Introduce a "refresh broker" — a singleton background worker that:

  1. De-duplicates change-buffer scans across databases in the same cluster.
  2. Distributes scan results to per-database schedulers via shared memory.
  3. Reduces total change-buffer I/O proportionally to the number of databases sharing a source.

Design

Components

┌─────────────────────────────────────────────────────────────┐
│ PostgreSQL Cluster                                           │
│                                                             │
│  ┌────────────────┐     shared memory      ┌─────────────┐ │
│  │ Refresh Broker │ ──── scan results ────► │ DB-A sched  │ │
│  │  (singleton)   │                         │ DB-B sched  │ │
│  │                │ ◄─── scan requests ──── │ DB-C sched  │ │
│  └────────────────┘                         └─────────────┘ │
│           │                                                  │
│           │ single scan per source OID per tick              │
│           ▼                                                  │
│  pgtrickle_changes.changes_{oid}                             │
└─────────────────────────────────────────────────────────────┘

Broker Protocol

  1. Registration: Each per-database scheduler registers its interest in a set of source OIDs with the broker via shared memory (PgLwLock<BrokerRegistry>).

  2. Tick coordination: At the start of each tick, the broker scans each registered source OID once. Results (row counts + LSN watermarks) are written to a shared memory segment indexed by (database_oid, source_oid).

  3. Result consumption: Per-database schedulers read the broker's results instead of issuing their own SPI queries. The broker's scan is authoritative for the tick.

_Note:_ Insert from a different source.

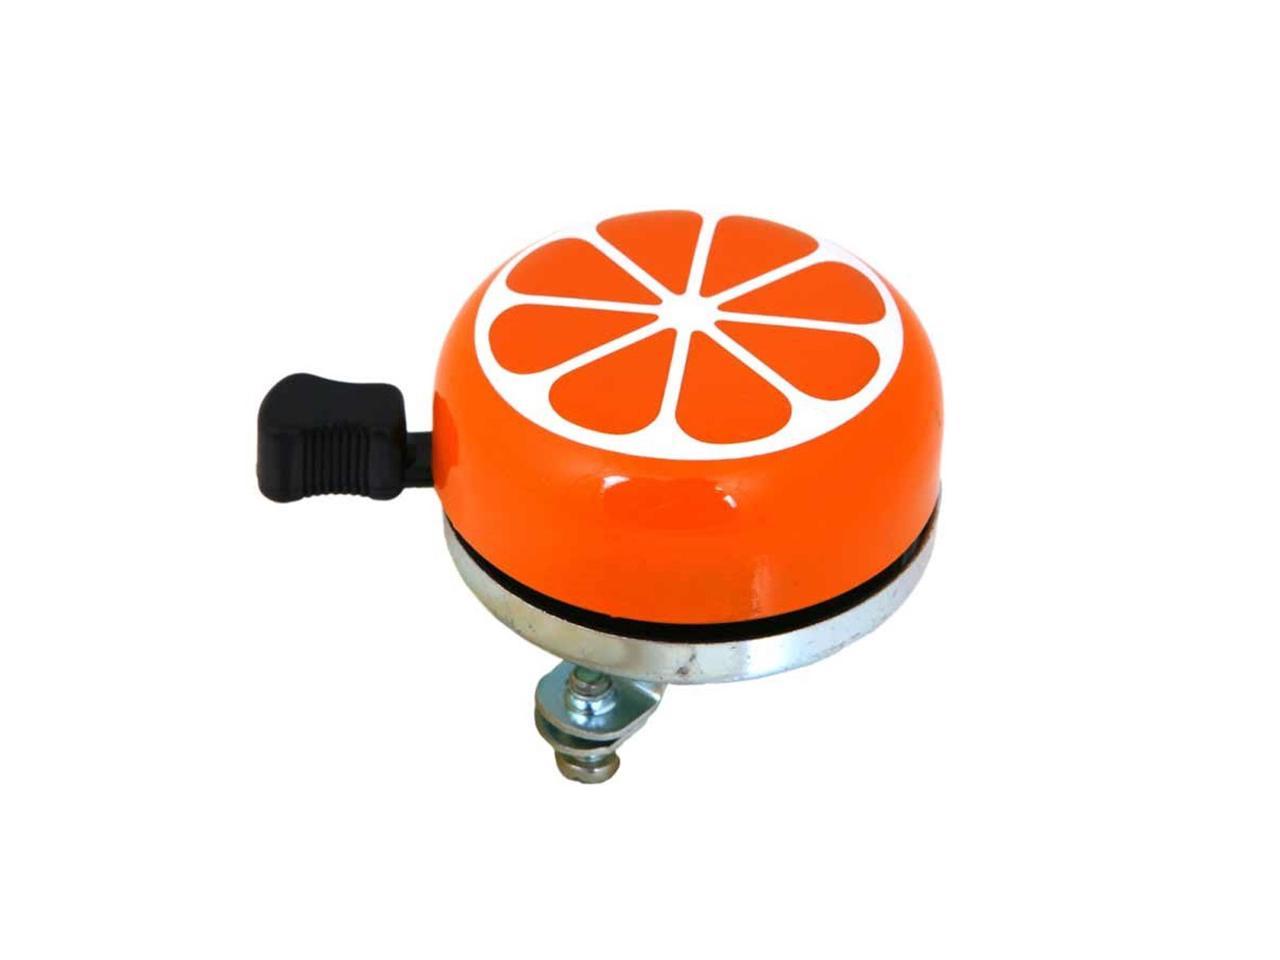 orange bike bell

  4. Fallback: If the broker is not running (e.g. max_worker_processes exhausted), per-database schedulers fall back to their current direct-scan behaviour.

Shared Memory Layout

#![allow(unused)]
fn main() {
/// BRK-1: Broker registry entry for one (database, source) pair.
struct BrokerEntry {
    db_oid: pg_sys::Oid,
    source_oid: pg_sys::Oid,
    /// Last scan result: row count in the change buffer.
    pending_rows: i64,
    /// Last scan result: maximum LSN seen in the change buffer.
    max_lsn_u64: u64,
    /// Monotone tick counter when this entry was last updated.
    last_updated_tick: u64,
}

/// Maximum number of (db, source) pairs the broker tracks.
const BROKER_CAPACITY: usize = 4096;
}

Broker Worker Loop

loop:
  1. Sleep until next tick (shared scheduler_interval_ms).
  2. Lock BrokerRegistry (read) to collect unique source OIDs.
  3. For each unique source OID, run:
       SELECT COUNT(*), MAX(lsn) FROM pgtrickle_changes.changes_{oid}
  4. Write results to BrokerScanResults (lock-free CAS update).
  5. Advance broker tick counter.
  6. Per-DB schedulers wake and consume results.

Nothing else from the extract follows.